Where the listing shows an image, skip it and output all other material unchanged.

------ Source material ------

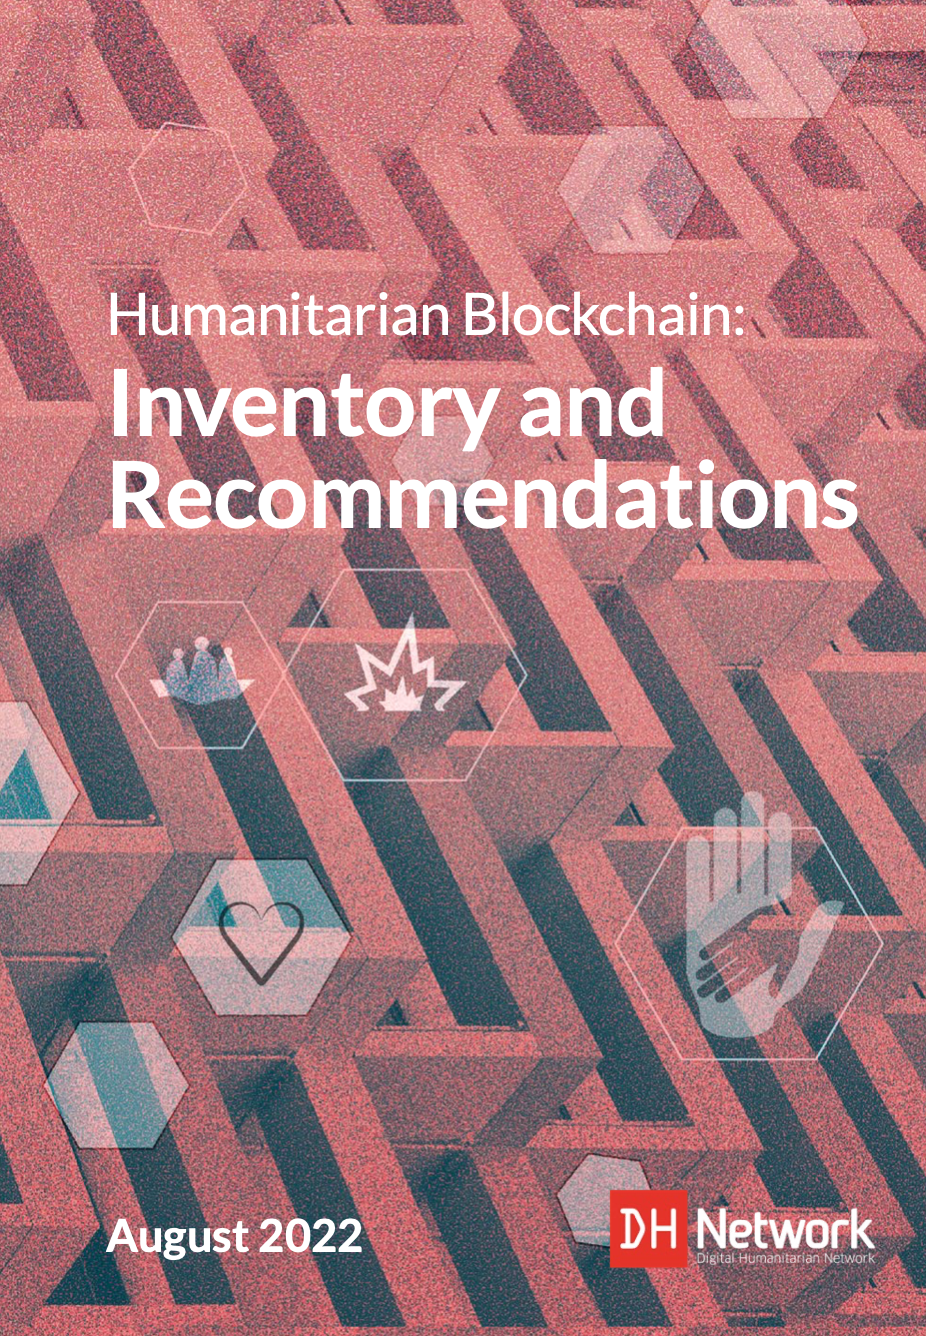 Humanitarian Blockchain - Inventory and Recommendations - August 2022
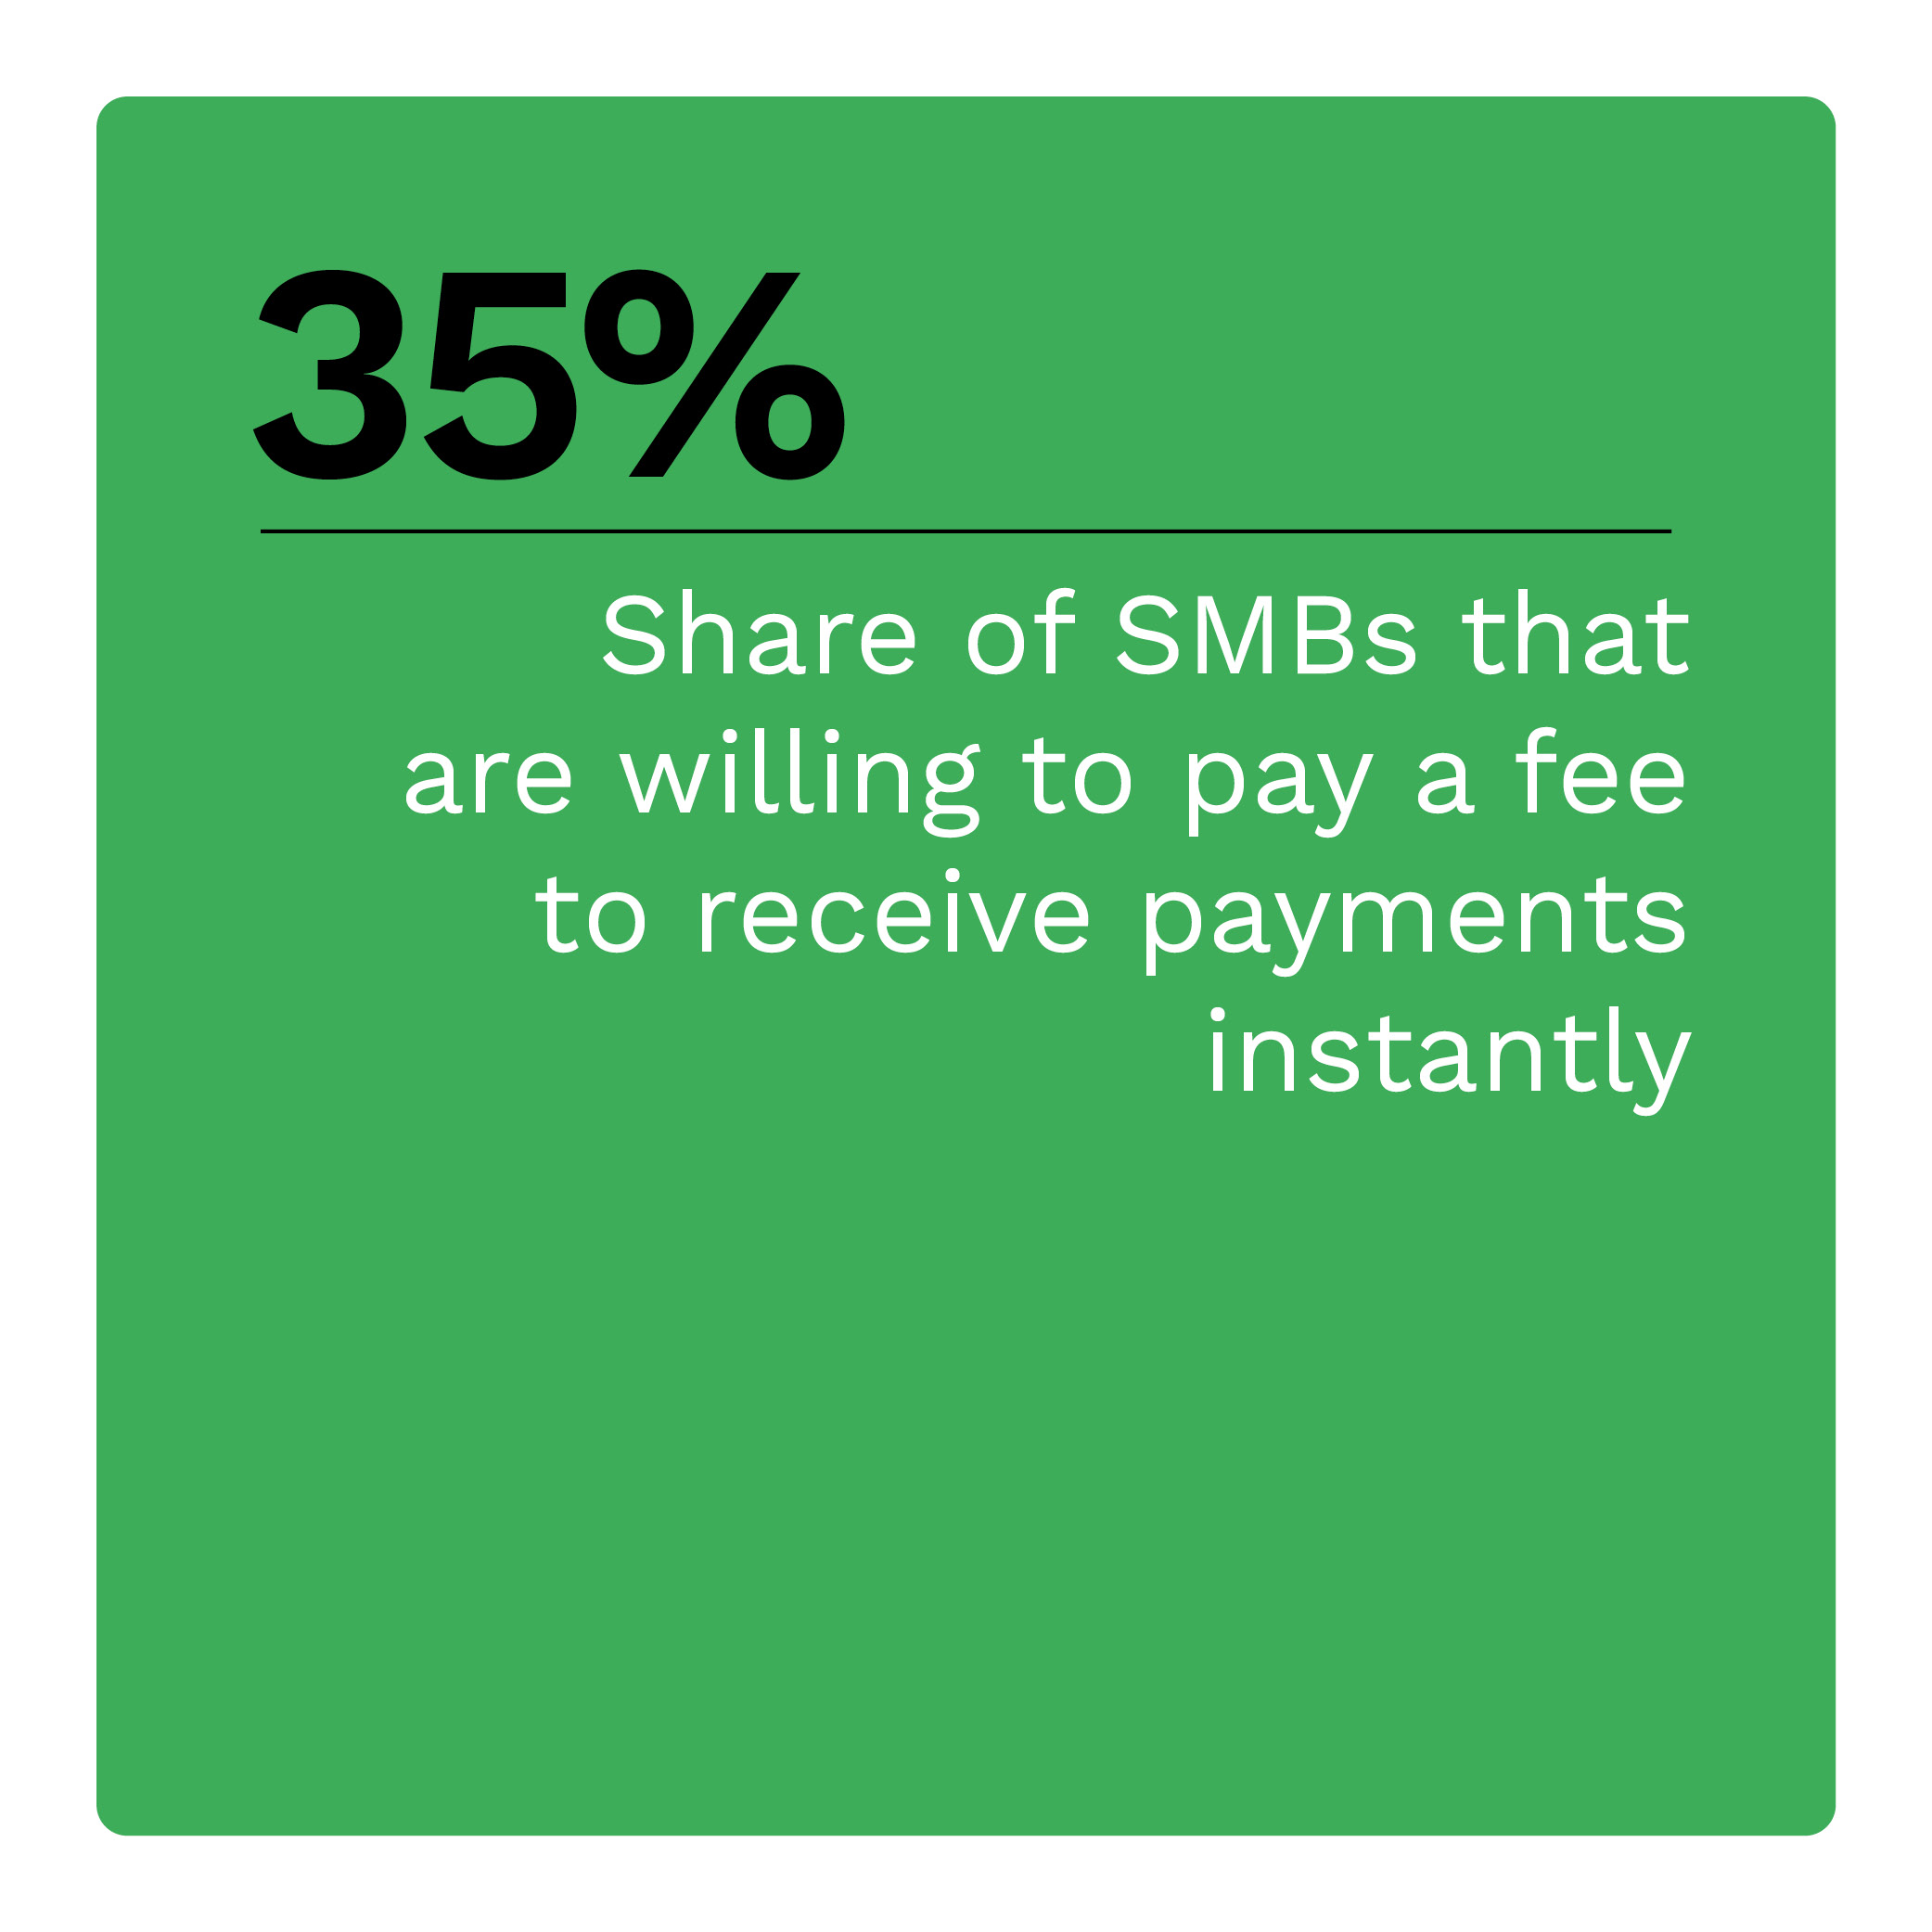 35%: Share of SMBs that are willing to pay a fee to receive payments instantly
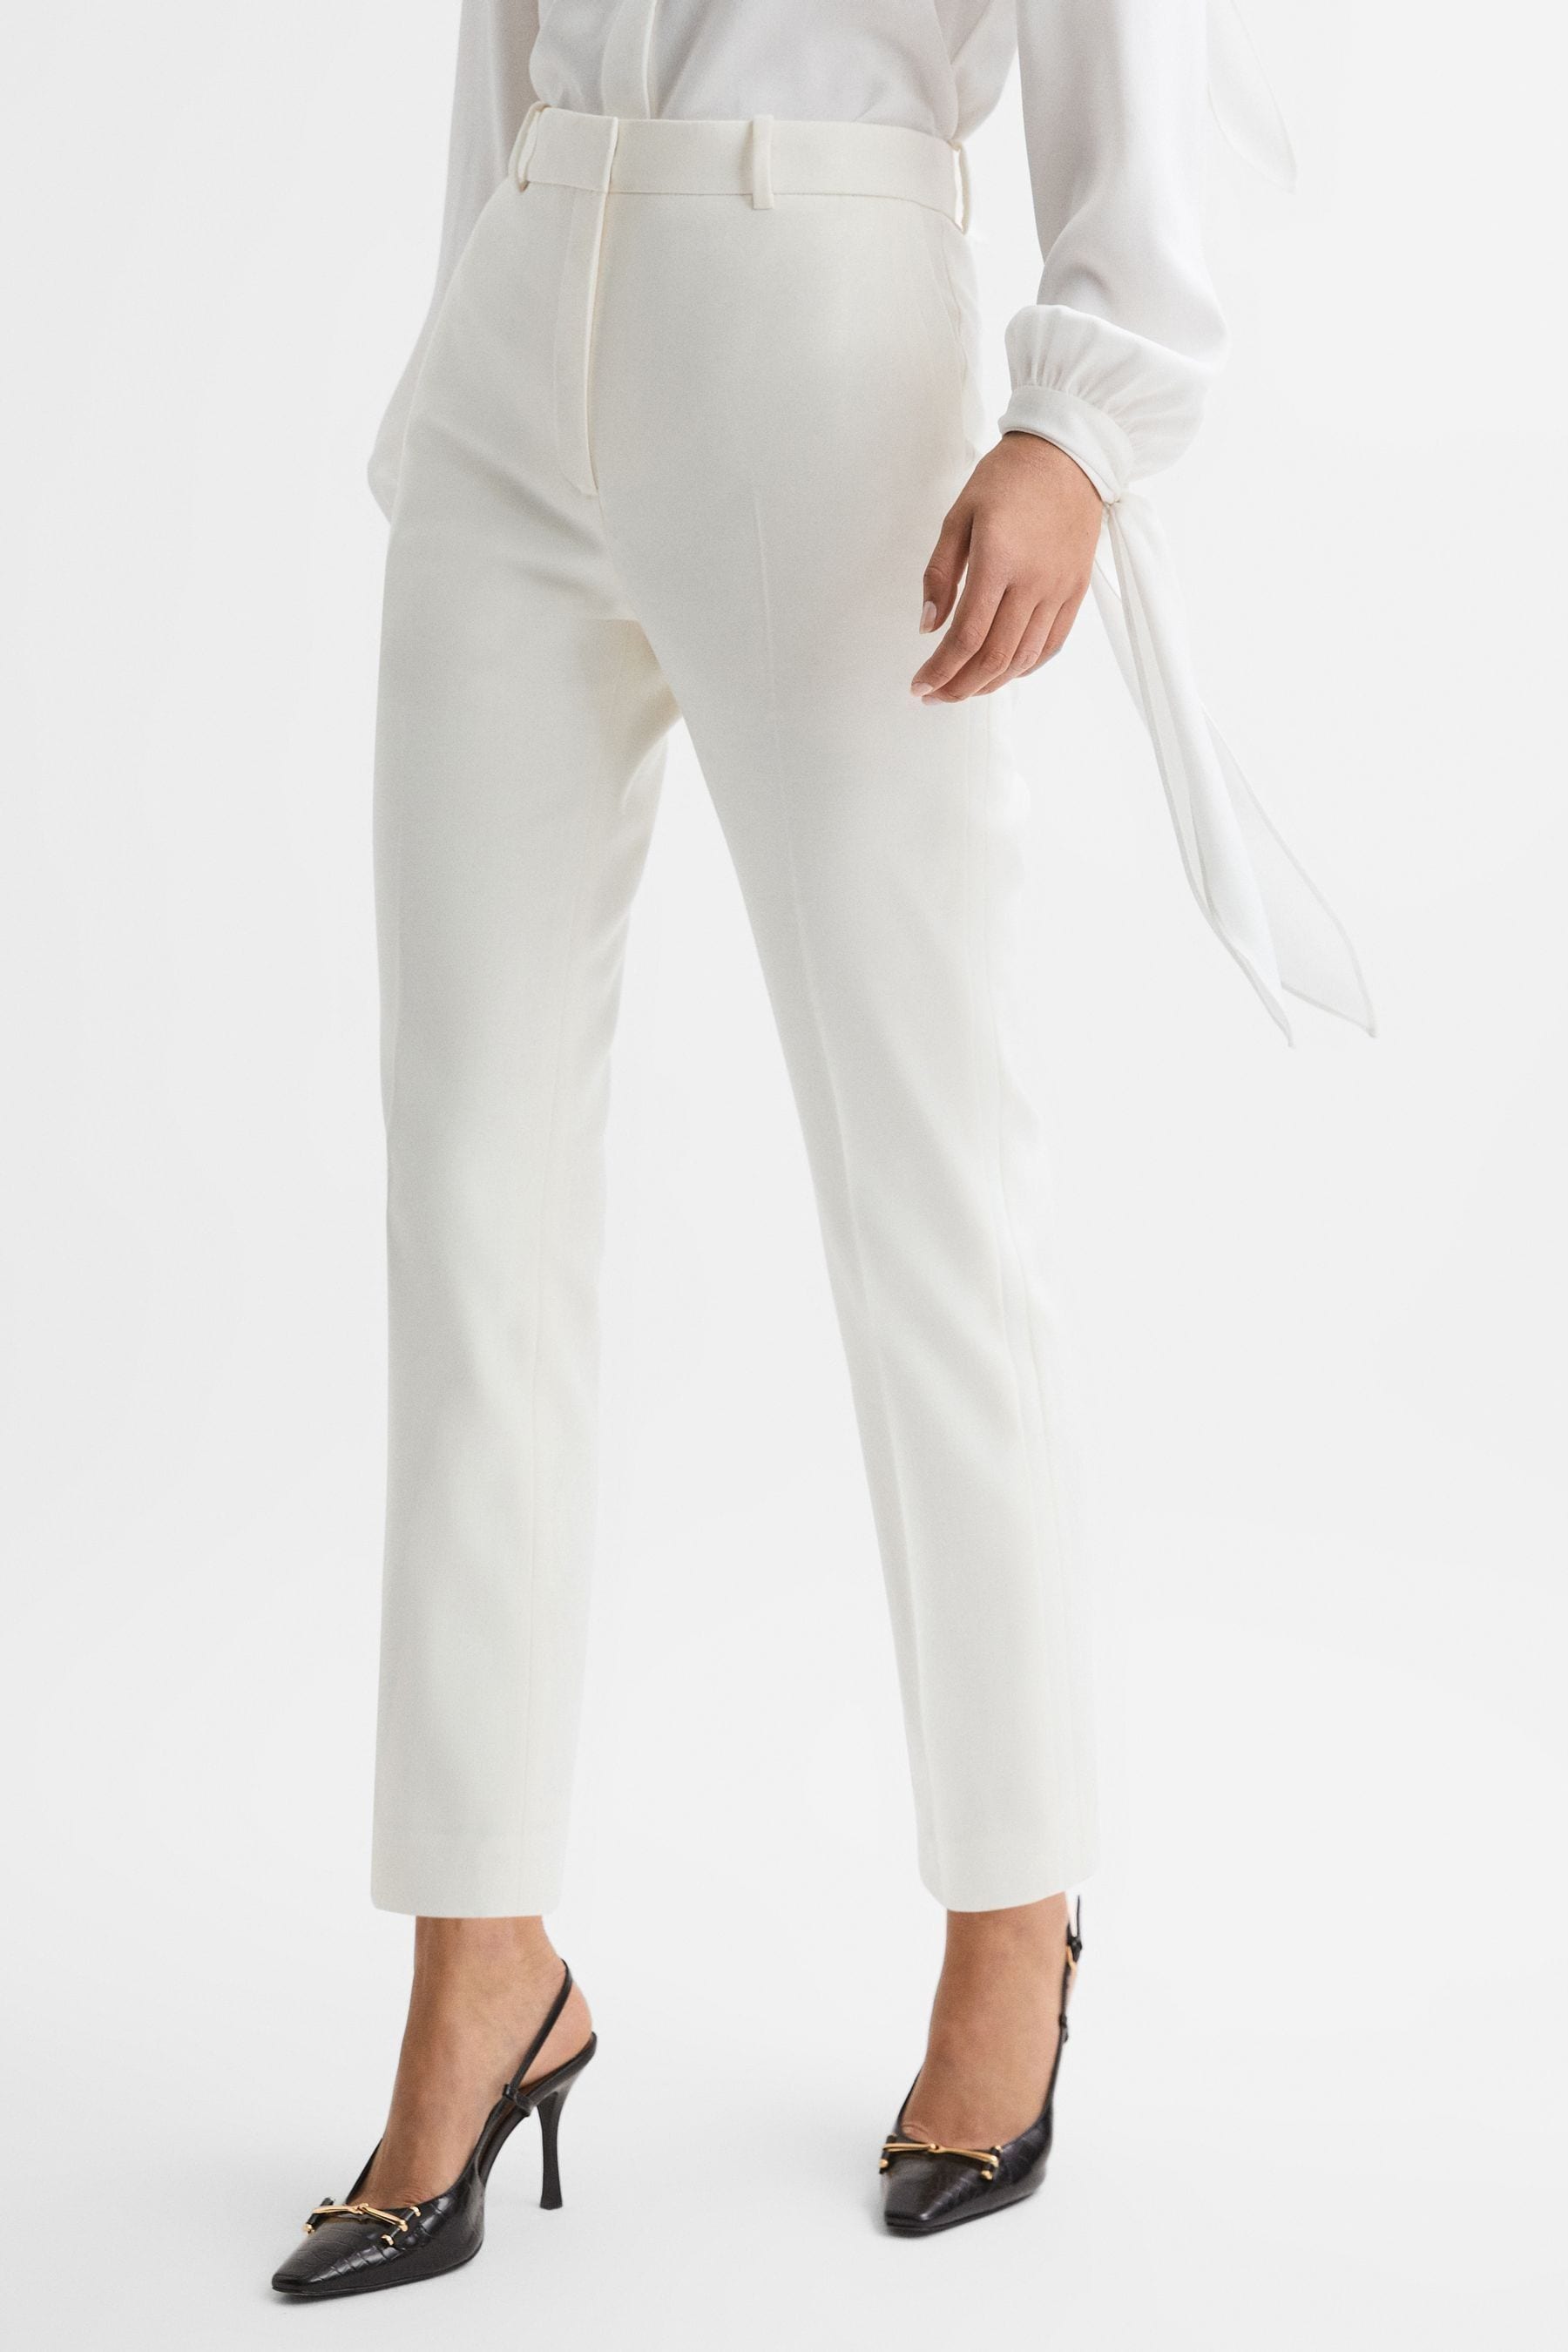 Reiss Mila - Off White Slim Fit Wool Blend Suit Trousers, Us 12

------

:: Exercise solution ::
 Humanitarian Blockchain - Inventory and Recommendations - August 2022
 35%: Share of SMBs that are willing to pay a fee to receive payments instantly
 Reiss Mila - Off White Slim Fit Wool Blend Suit Trousers, Us 12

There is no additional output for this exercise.